As Head of Engineering, Navid built an AI stylist agent that learns each user's unique fashion preferences and body fit. The agent interacts conversationally, asking questions, showing items from across the internet, and refining its recommendations based on feedback. Over time, it learns a user's preferred styles, colors, and materials, and then proceeds to search the web to find the best-matching clothes.
Navid also developed advanced algorithms that incorporate body measurements to filter out ill-fitting items. Thanks to these systems, Fetchr customers return only 1.5 out of every 10 items, less than half the industry average — a testament to how effectively AI can personalize fashion.
This means users can shop online with the same confidence as shopping in a mall without worrying about second-guessing their size, waiting for their clothes for weeks before finding out they don't fit right, or discovering a specific piece of clothing doesn't go with their wardrobe after their received it.
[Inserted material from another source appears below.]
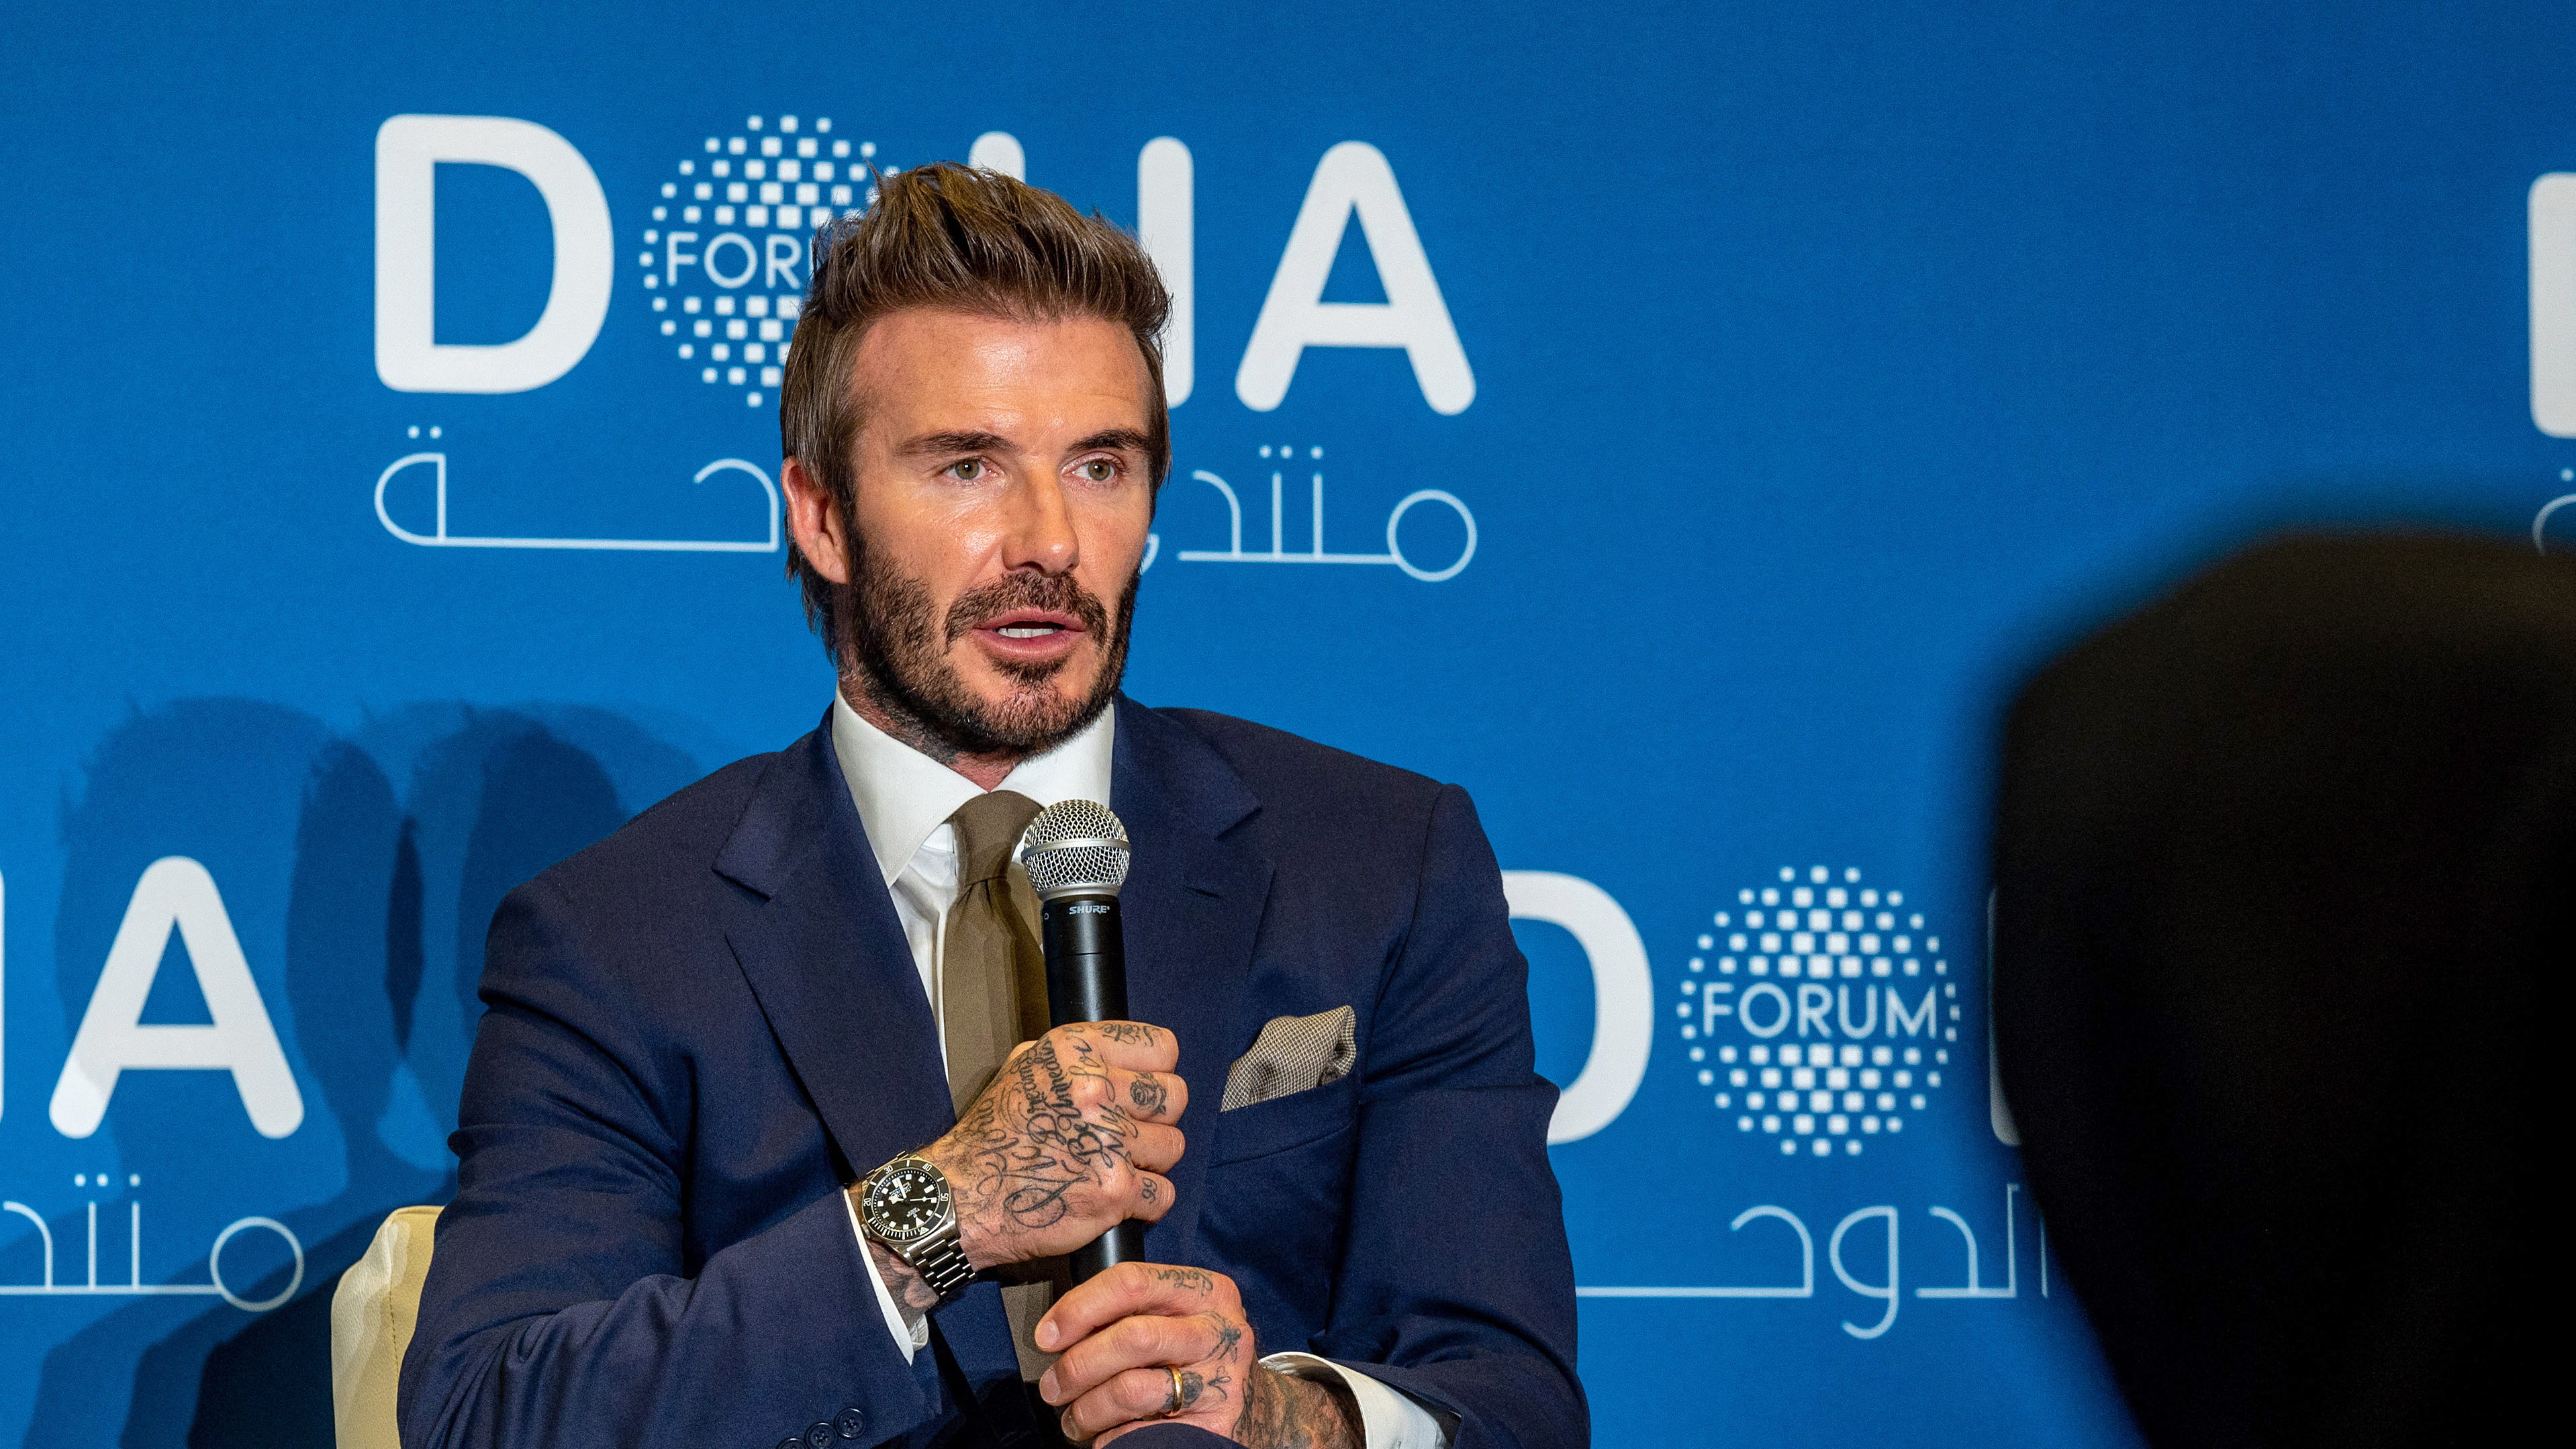 Review of the Qatar World Cup in Great Britain – Washing the game with Beckham and Robbie Williams
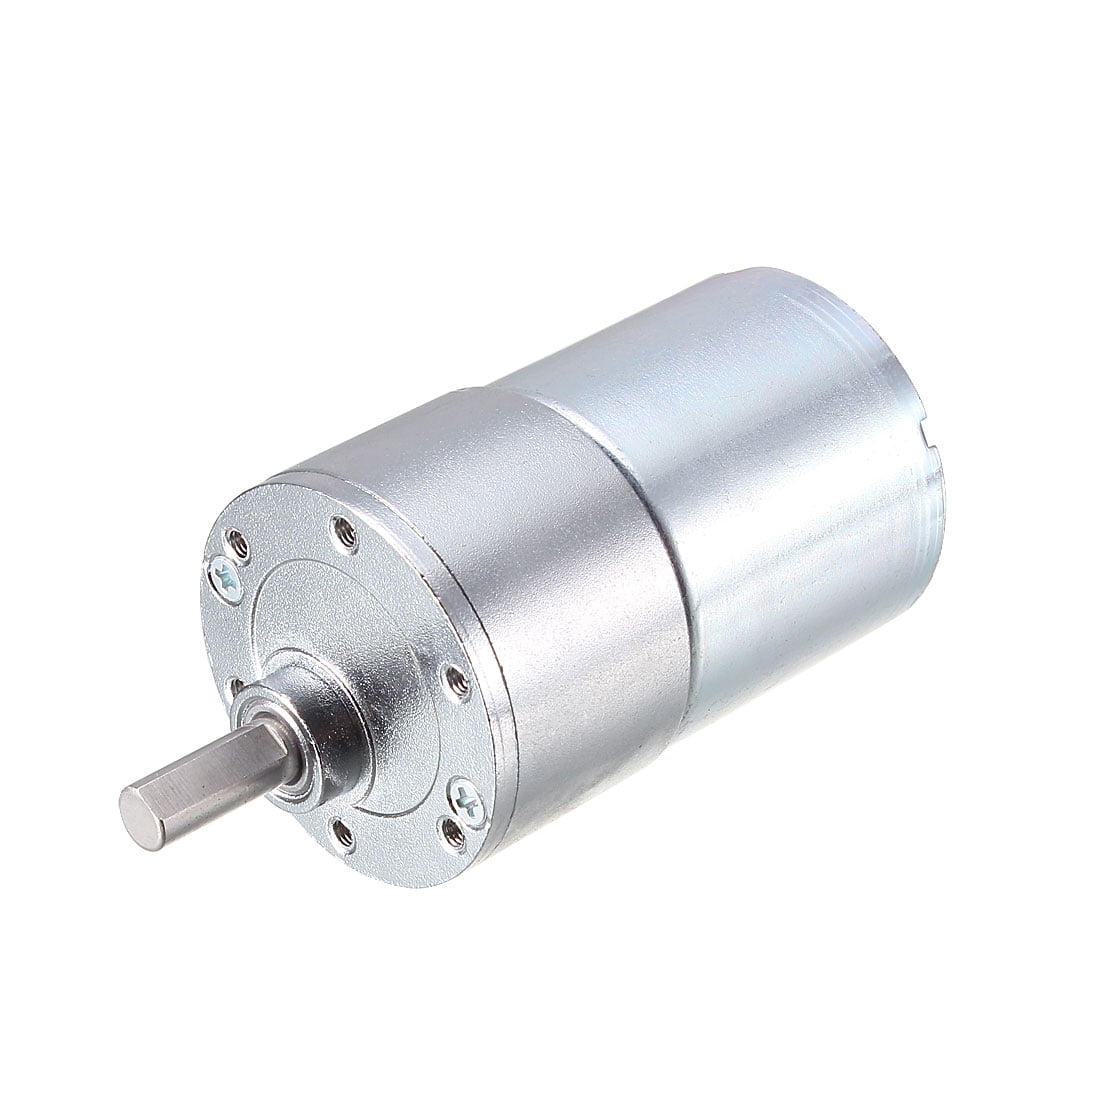 Luckya Gear Motor with 2.5-110RPM Miniature Low Speed Large Moment of Force for CW/CCW AC220V

This can open up online clothes shopping to people who have previously avoided it, unlocking an entirely new market.
Solving Real-World Problems With AI
Looking forward, Navid plans to continue growing Fetchr and expanding its impact in the fashion industry. His team is working on making the AI stylist even smarter — capable of understanding more complex preferences and helping more people who struggle with finding clothes that truly fit and feel right.
Beyond fashion, Navid is deeply interested in education. Inspired by his experiences in the Iranian Olympiad program, he hopes to one day make curiosity-driven learning more accessible to students everywhere. He believes that learning to solve problems independently can change lives — just as it changed his. For now, that remains a future mission he's exploring as he continues solving meaningful problems in fashion.
At his core, Navid Pour is driven by one principle: use AI to tackle hard, impactful problems. It's the same mindset that has guided every step of his career — find problems that matter, stay with them until they're solved, and build things that make a real difference.